Definition of NUMEX's syntax:
- If 𝑠 is a Racket string, then (var 𝑠) is a NUMEX expression (variables).
- If 𝑛 is a Racket integer, then (num 𝑛) is a NUMEX expression (number constants).
- If 𝑏 is a Racket boolean, then (bool 𝑏) is a NUMEX expression (boolean constants).
- If 𝑒1 and 𝑒2 are NUMEX expressions, then (plus 𝑒1 𝑒2) is a NUMEX expression (addition).
- If 𝑒1 and 𝑒2 are NUMEX expressions, then (minus 𝑒1 𝑒2) is a NUMEX expression (subtraction).
- If 𝑒1 and 𝑒2 are NUMEX expressions, then (mult 𝑒1 𝑒2) is a NUMEX expression (multiplication).
- If 𝑒1 and 𝑒2 are NUMEX expressions, then (div 𝑒1 𝑒2) is a NUMEX expression (division).
- If 𝑒1 is a NUMEX expression, then (neg 𝑒1) is a NUMEX expression (negation).
- If 𝑒1 and 𝑒2 are NUMEX expressions, then (andalso 𝑒1 𝑒2) is a NUMEX expression (logical conjunction).
- If 𝑒1 and 𝑒2 are NUMEX expressions, then (orelse 𝑒1 𝑒2) is a NUMEX expression (logical disjunction).
- If 𝑒1, 𝑒2, and 𝑒3 are NUMEX expressions, then (cnd 𝑒1 𝑒2 𝑒3) is a NUMEX expression. It is a condition where the result is 𝑒2 if 𝑒1 is true, else the result is 𝑒3. Only one of 𝑒2 and 𝑒3 is evaluated.

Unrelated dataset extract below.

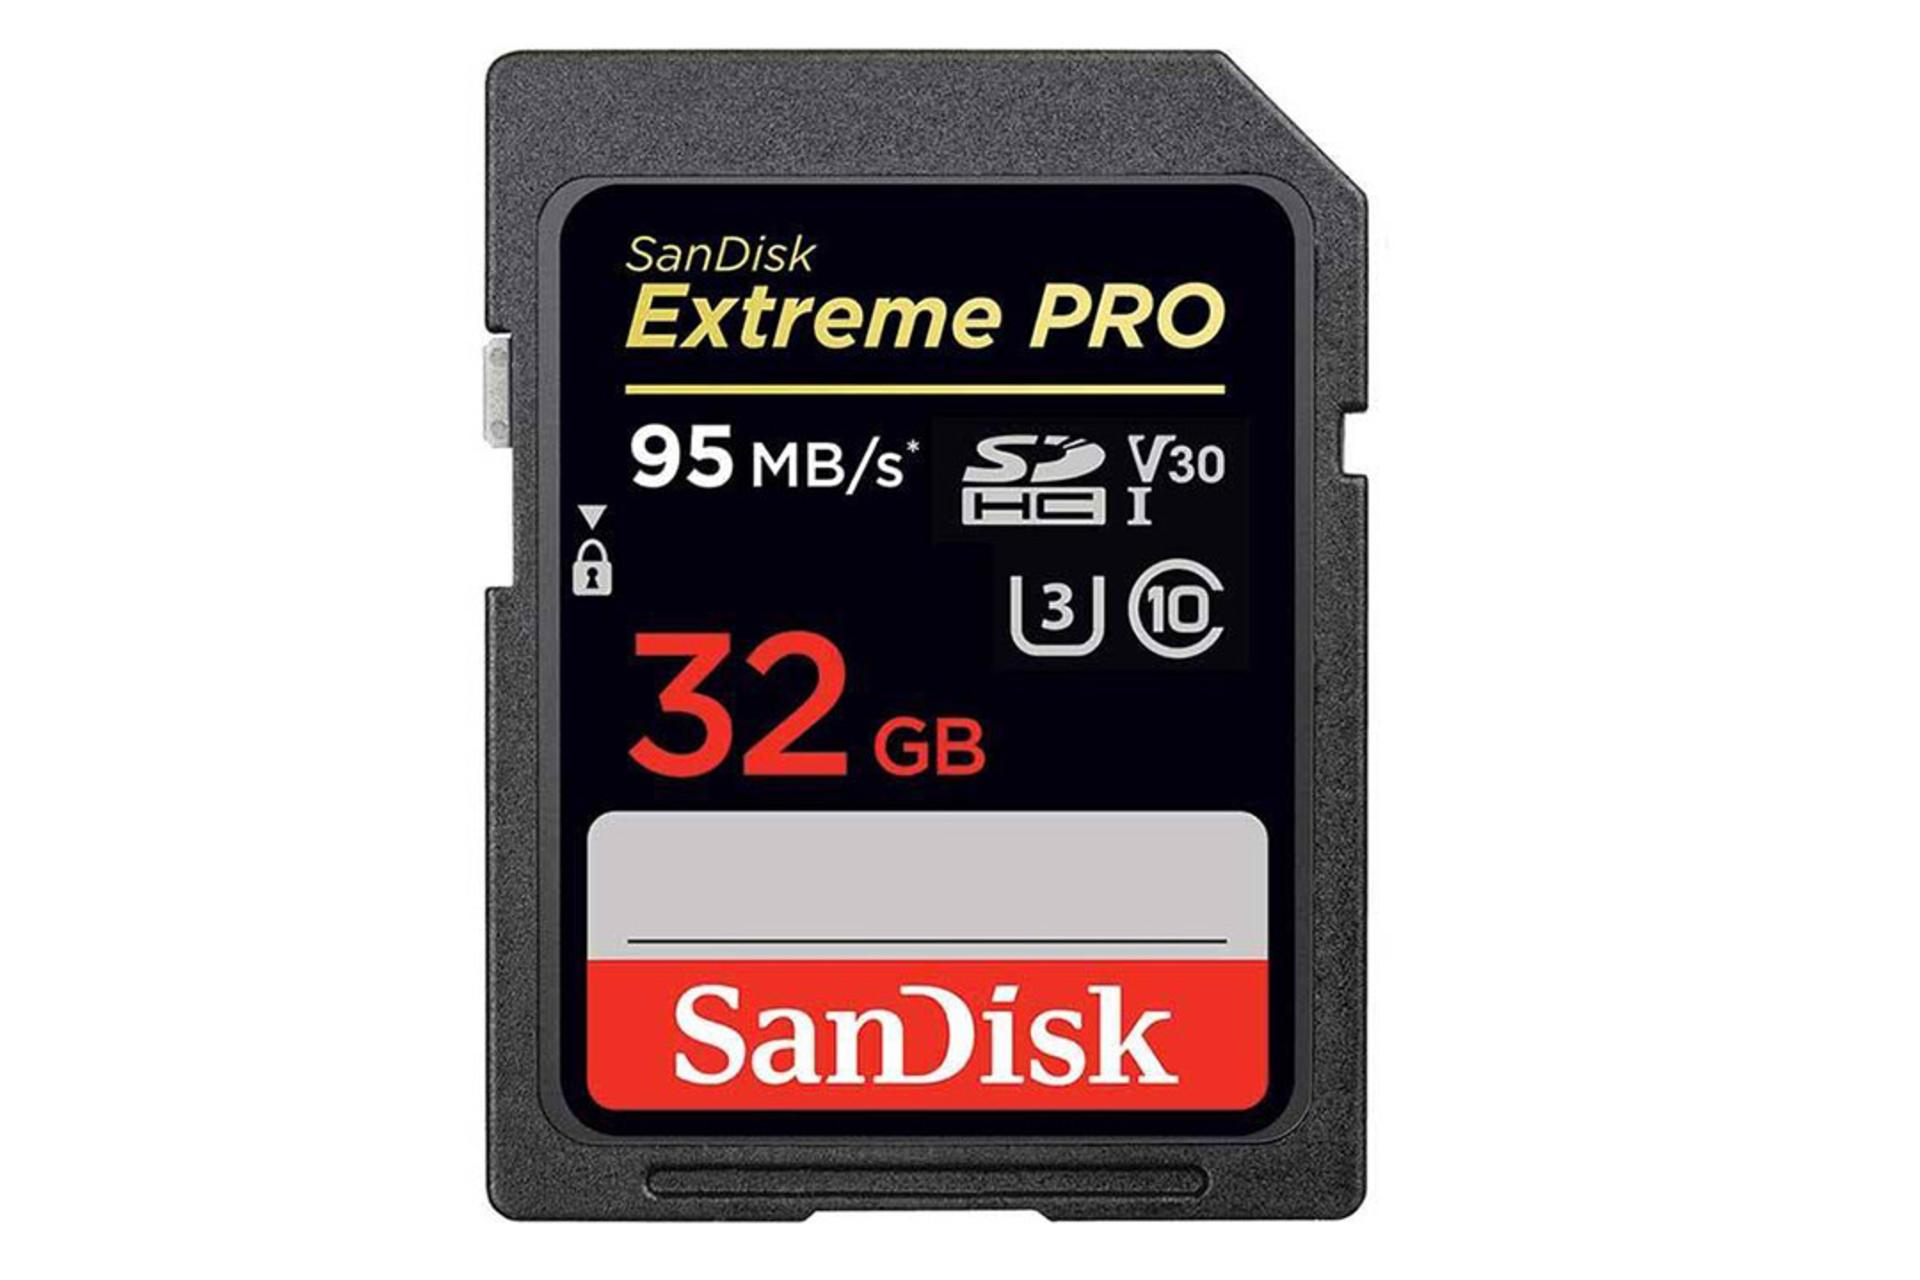 SanDisk Extreme Pro V30 microSDHC Class 10 UHS-I U3 32GB

- If 𝑒1 and 𝑒2 are NUMEX expressions, then (iseq 𝑒1 𝑒2) is a NUMEX expression. (comparison).
- If 𝑒1, 𝑒2, and 𝑒3 are NUMEX expressions, then (ifnzero 𝑒1 𝑒2 𝑒3) is a NUMEX expression. It is a condition where the result is 𝑒2 if 𝑒1 is not zero, else the result is 𝑒3. Only one of 𝑒2 and 𝑒3 is evaluated.

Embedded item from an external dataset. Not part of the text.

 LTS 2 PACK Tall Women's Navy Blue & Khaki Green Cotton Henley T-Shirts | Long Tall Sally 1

- If 𝑒1, 𝑒2, 𝑒3, and 𝑒4 are NUMEX expressions, then (ifleq 𝑒1 𝑒2 𝑒3 𝑒4) is a NUMEX expression. It is a conditional where the result is 𝑒4 if 𝑒1 is strictly greater than 𝑒2, else the result is 𝑒3. Only one of 𝑒3 and 𝑒4 is evaluated.
- If 𝑠1 and 𝑠2 are Racket strings and 𝑒 is a NUMEX expression, then (lam 𝑠1 𝑠2 𝑒) is a NUMEX expression (a function). In 𝑒, 𝑠1 is bound to the function itself (for recursion) and 𝑠2 is bound to the only argument. Also, (lam null 𝑠2 𝑒) is allowed for anonymous nonrecursive functions.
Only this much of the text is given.